En el pensamiento de exponentes de esas élites se detecta una especie de sentimiento de culpa respecto de lo que dejaron de hacer en el pasado. Hablan de una deuda histórica, en particular con las comunidades campesinas. Ceden a la tesis política de la reforma agraria a la usanza de buena parte del siglo XX sintetizada en la consigna “la tierra para el que la trabaja”, como si en una economía globalizada, altamente competitiva e industrializada extendida a la producción agrícola, pecuaria y alimentaria, la pequeña explotación de campesinos individuales tuviese perspectivas de éxito. El cerebro de las negociaciones de paz, Sergio Jaramillo, considera que los procesos anteriores de han fracasado en erradicar la violencia porque el Estado no impulsó políticas de desarrollo territorial autónomo. En tal sentido se da validez a la tesis de las “causas objetivas” de la violencia. Se evidencia en ese discurso un tufillo moralista, que pasa por alto que un católico pecador no se confiesa con el diablo.

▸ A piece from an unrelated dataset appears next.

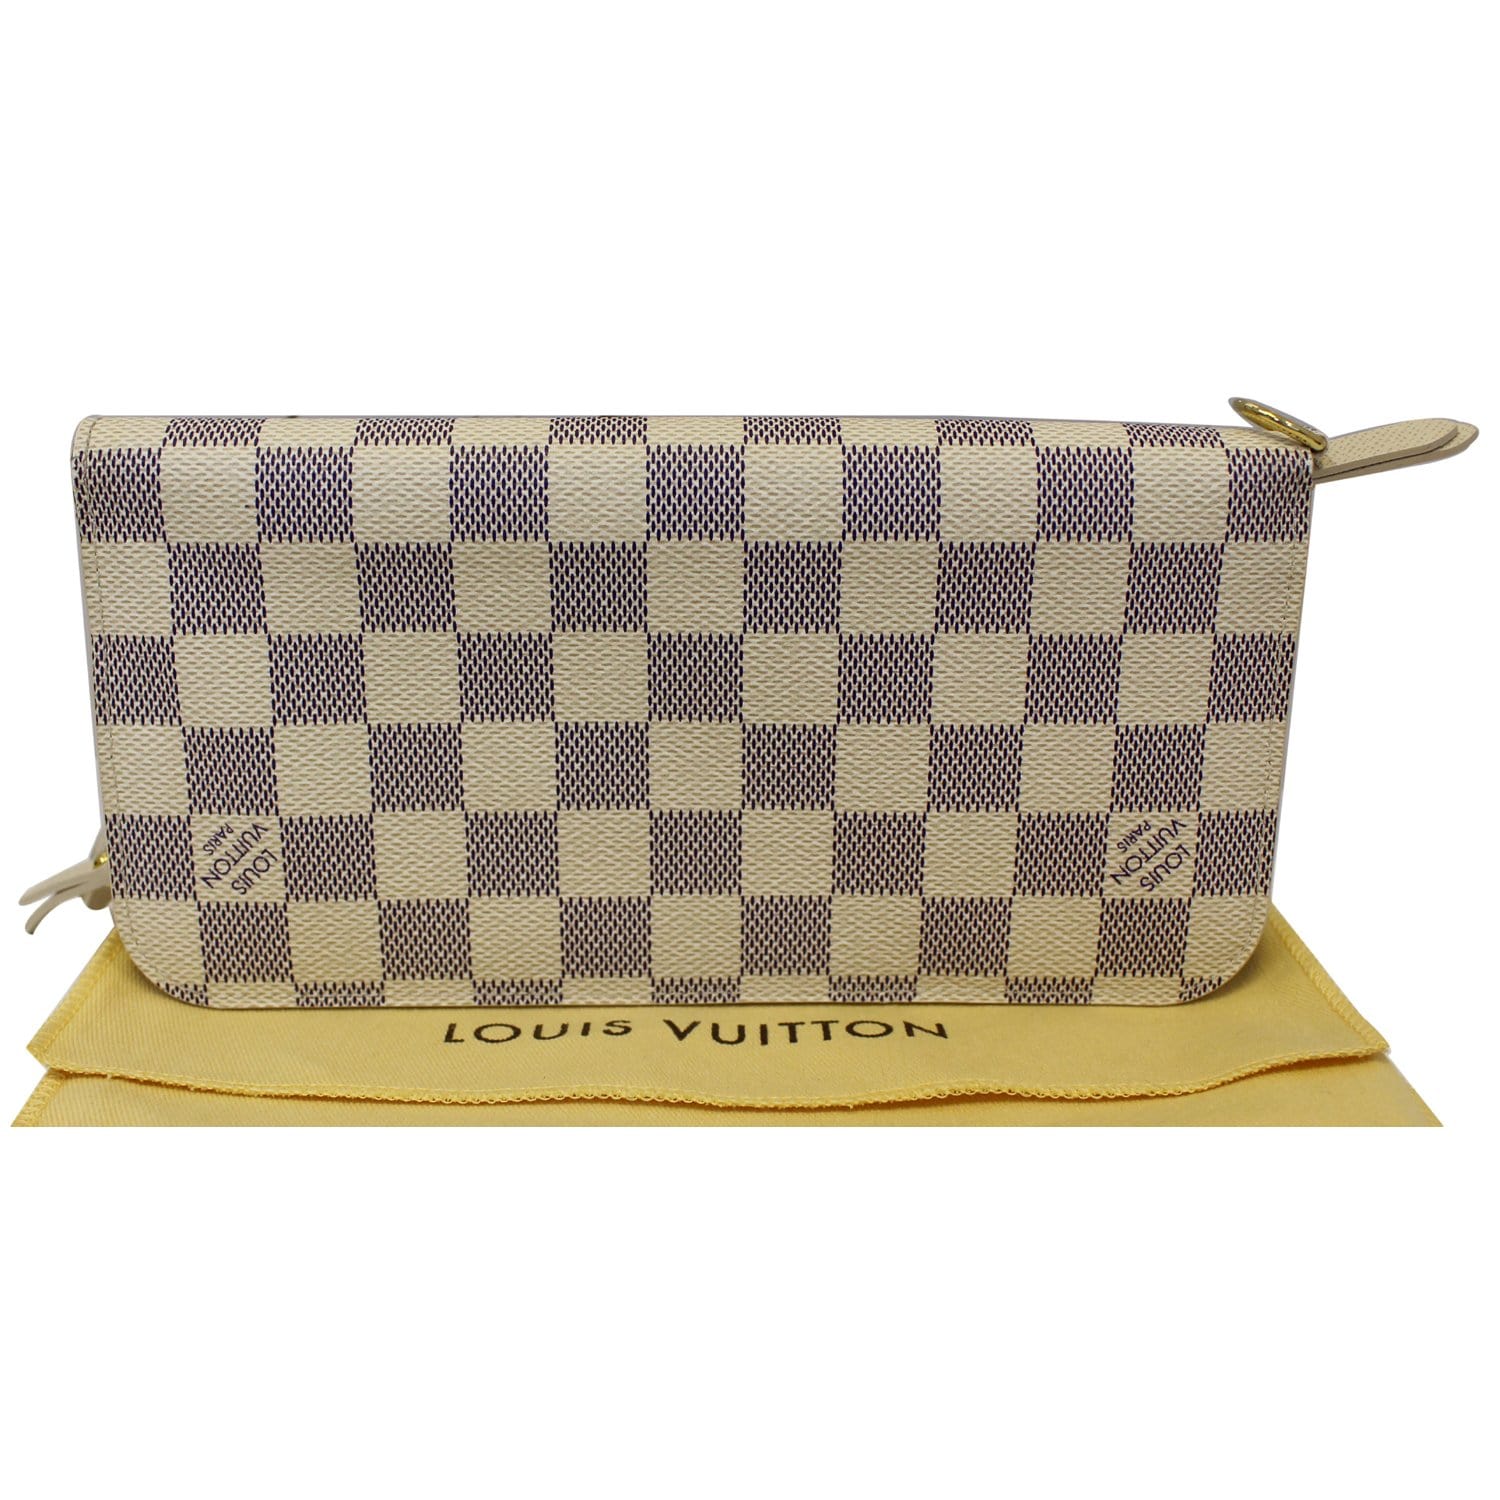 I kove the Louis Vuitton Insolite wallet. It has 12 credit card

Otra línea de explicación se expone en cócteles y cafetines, en tertulias y reuniones. Es más una opinión que un discurso formal. En ese ambiente se ventilan percepciones que minimizan el poder de daño de las guerrillas y de su proyecto político. Se tiende a creer que no hay ningún problema en proporcionarles una salida política a unas guerrillas que la estarían buscando, de tal forma que una vez firmen la paz en términos tan favorables como los ofrecidos por el presidente Santos, desaparecerá el peligro. Creen que están derrotadas y bastaría darles una escapatoria hacia la civilidad. No intuyen su pretensión de realizar un giro estratégico, para acoplarse al modelo de revolución bolivariana basado en la intensificación de las luchas de clases, la creación de un ambiente de caos y confusión y el aprovechamiento de las ventajas que brinda la democracia, para, en alianza con “fuerzas democráticas y progresistas”, acceder al poder, cambiar la constitución y seguir el derrotero revolucionario. Esta actitud se puede calificar de subestimación del rival.

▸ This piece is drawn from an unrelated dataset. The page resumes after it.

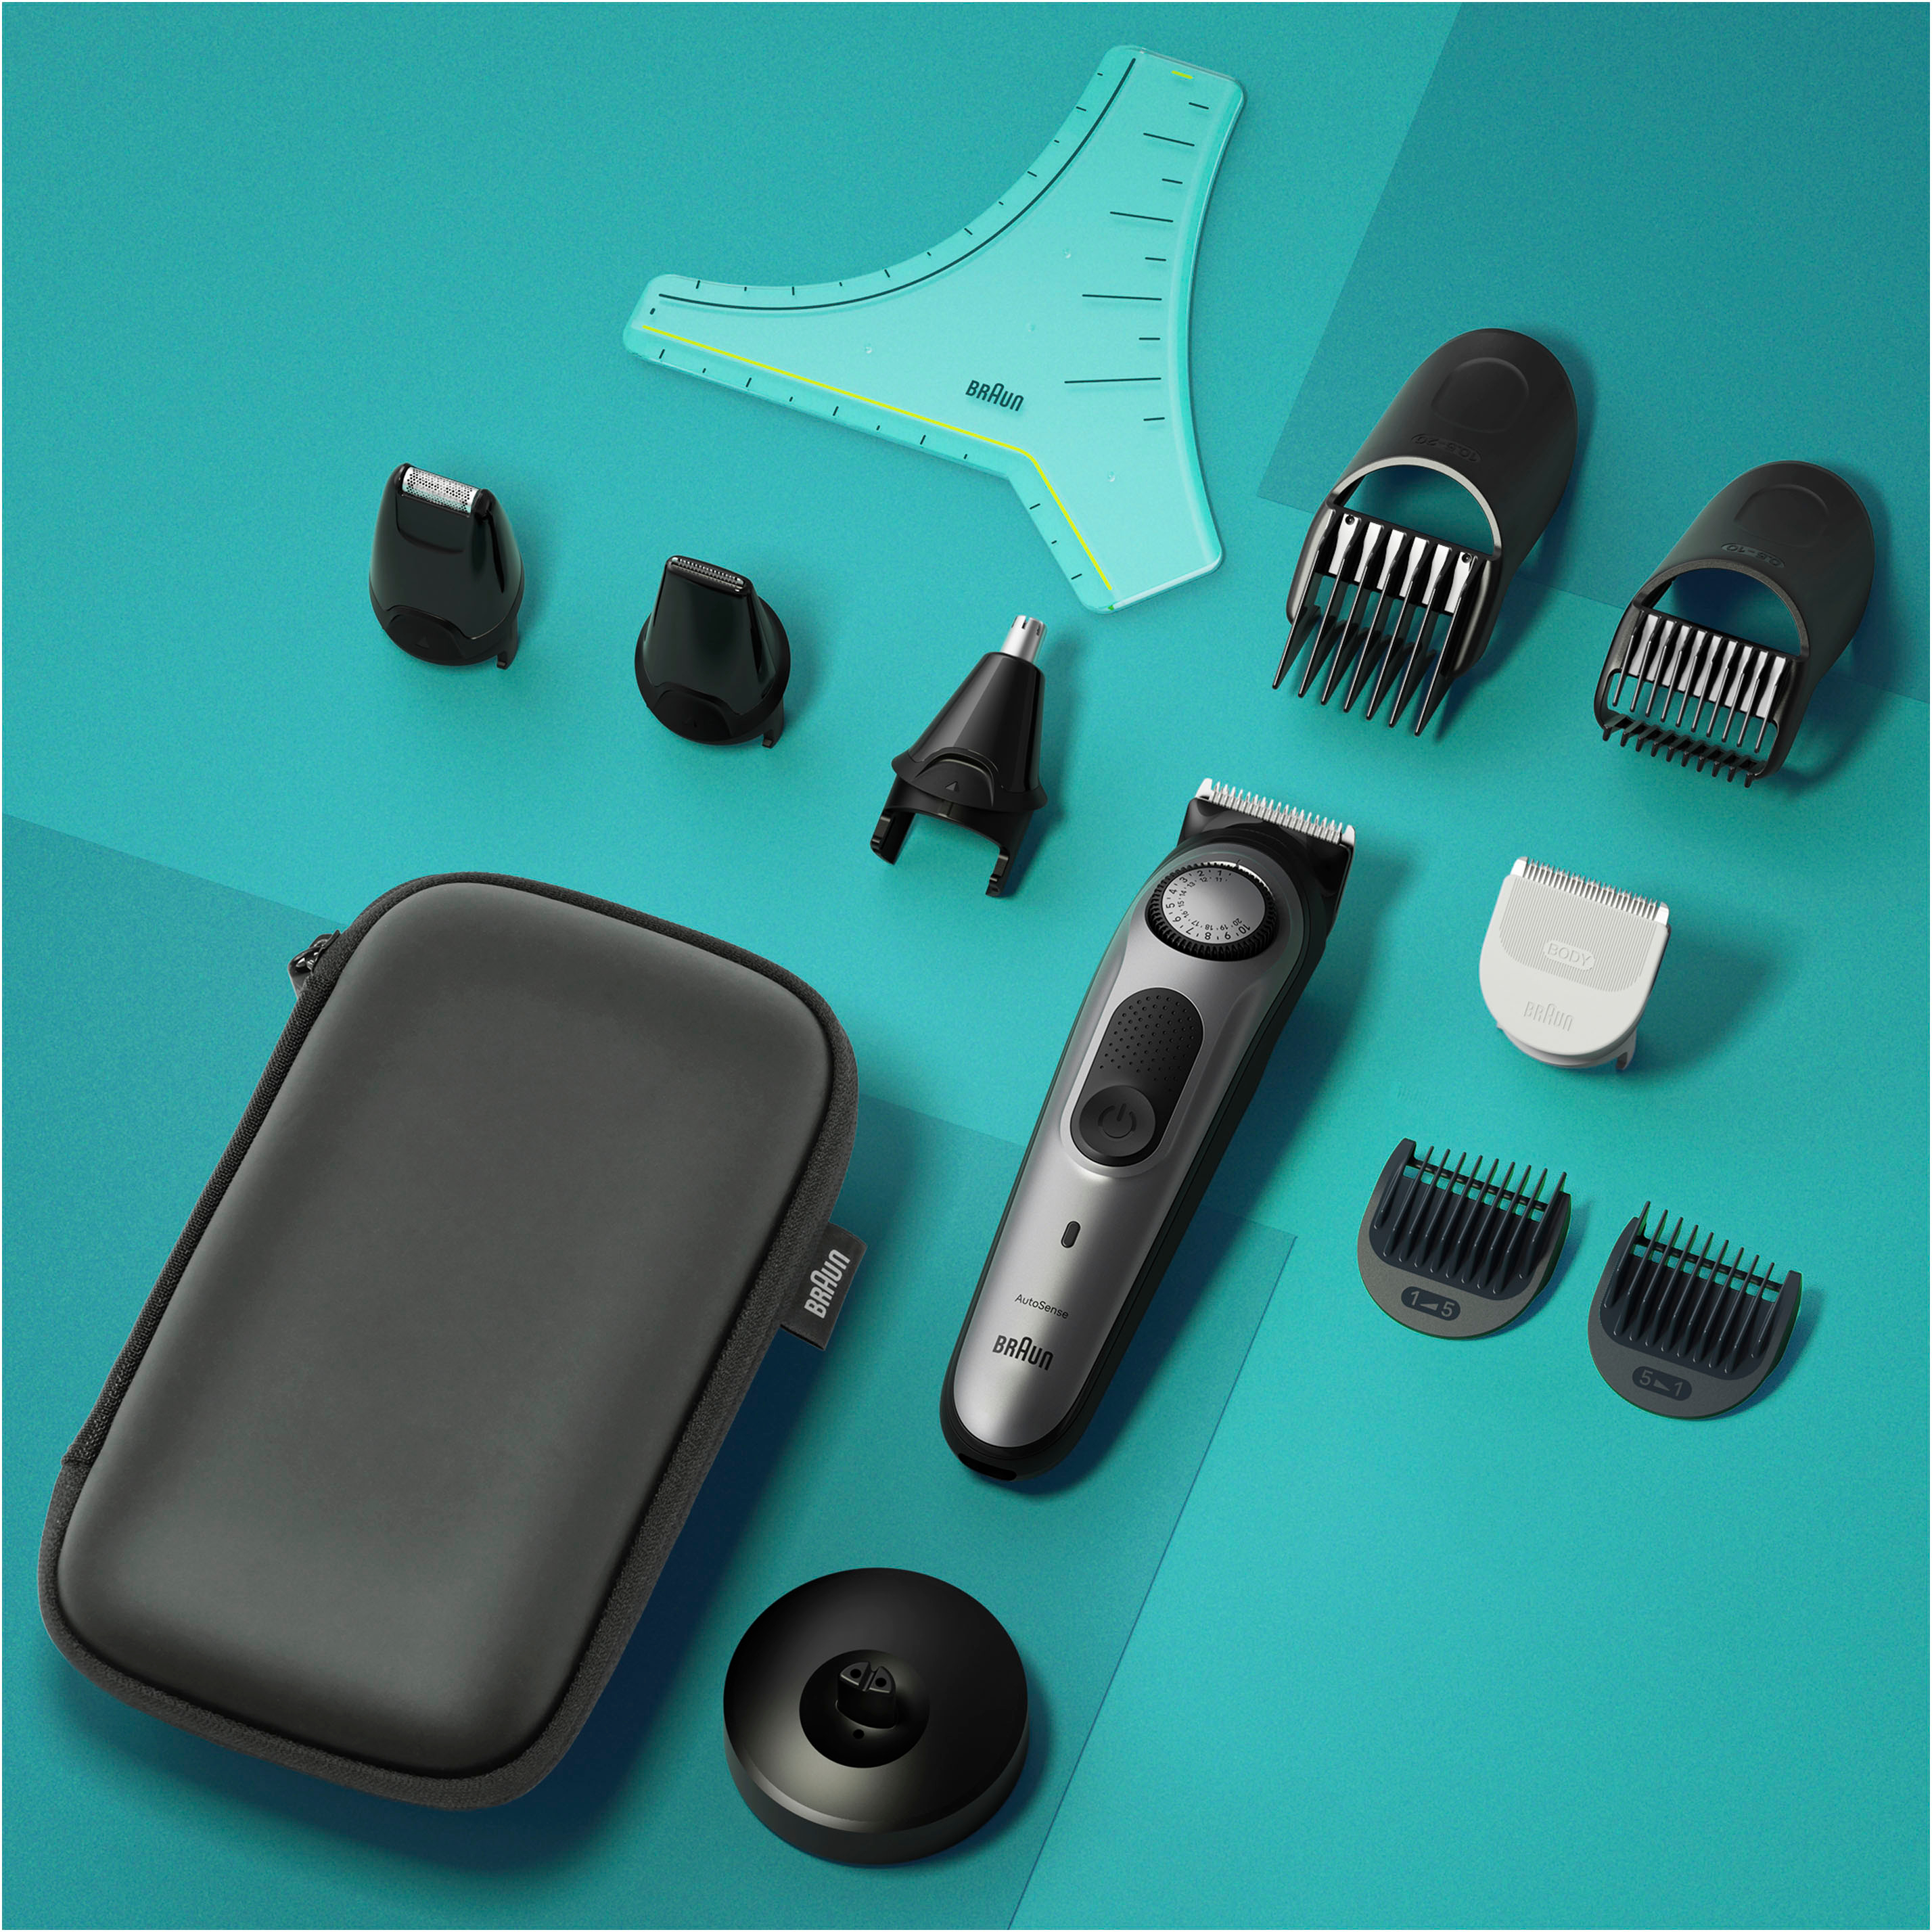 7 Buy - & 7420 Series AiO7420 Best Grooming Style Silver All-In-One Kit Braun Trimmer Kit, with Beard More 11-in-1

Estas y otras consideraciones derivan en la trivialización de los crímenes de lesa humanidad y de guerra cometidos por las guerrillas. Un buen ejemplo de ello lo podemos ver en el llamado del presidente Santos a los colombianos a reconciliarse, como si todos estuviésemos en son de pelea o como si los guerrilleros tuvieran el mismo estatus que cualquier ciudadano honrado y trabajador. Es que no es la sociedad la que ha apelado a la violencia, sino que, como dice el sociólogo Daniel Pécaut en uno de sus libros, es la guerrilla la que está en “guerra contra la sociedad”. Los más ilustrados quieren convencer a la opinión, no sólo de que estas guerrillas hunden sus raíces en larvadas injusticias, sino que, además, encarnan ideales altruistas como si se tratara de alzados en armas que luchan por la libertad, la democracia y contra un régimen despótico.
Tras el ideal de la paz no faltan los ilusos, los ingenuos, los pazólogos dogmáticos, los que aspiran a pasar a la historia y de pronto llegar ser distinguidos con un Nobel de Paz. Los hay que no admiten la más mínima crítica, observación o advertencia acerca de los términos con los que se está negociando. A los que osamos formular críticas nos califican de enemigos de la paz y guerreristas a ultranza, por citar los calificativos más generosos. Tratan de arrinconar a la oposición con el falso dilema: o estamos por la paz o por la guerra, sin matices, sin sustentación.
Han abandonado el debate político e ideológico y optado por el chantaje moral: si la paz fracasa es porque la gente quiso la guerra, no porque la gente no se trague la idea de una paz con impunidad, con comandantes guerrilleros en el Congreso o en altos cargos del Estado. Si las negociaciones de paz fracasan, nos dan a entender, no será por culpa de las guerrillas, porque a ellas si hay que creerles.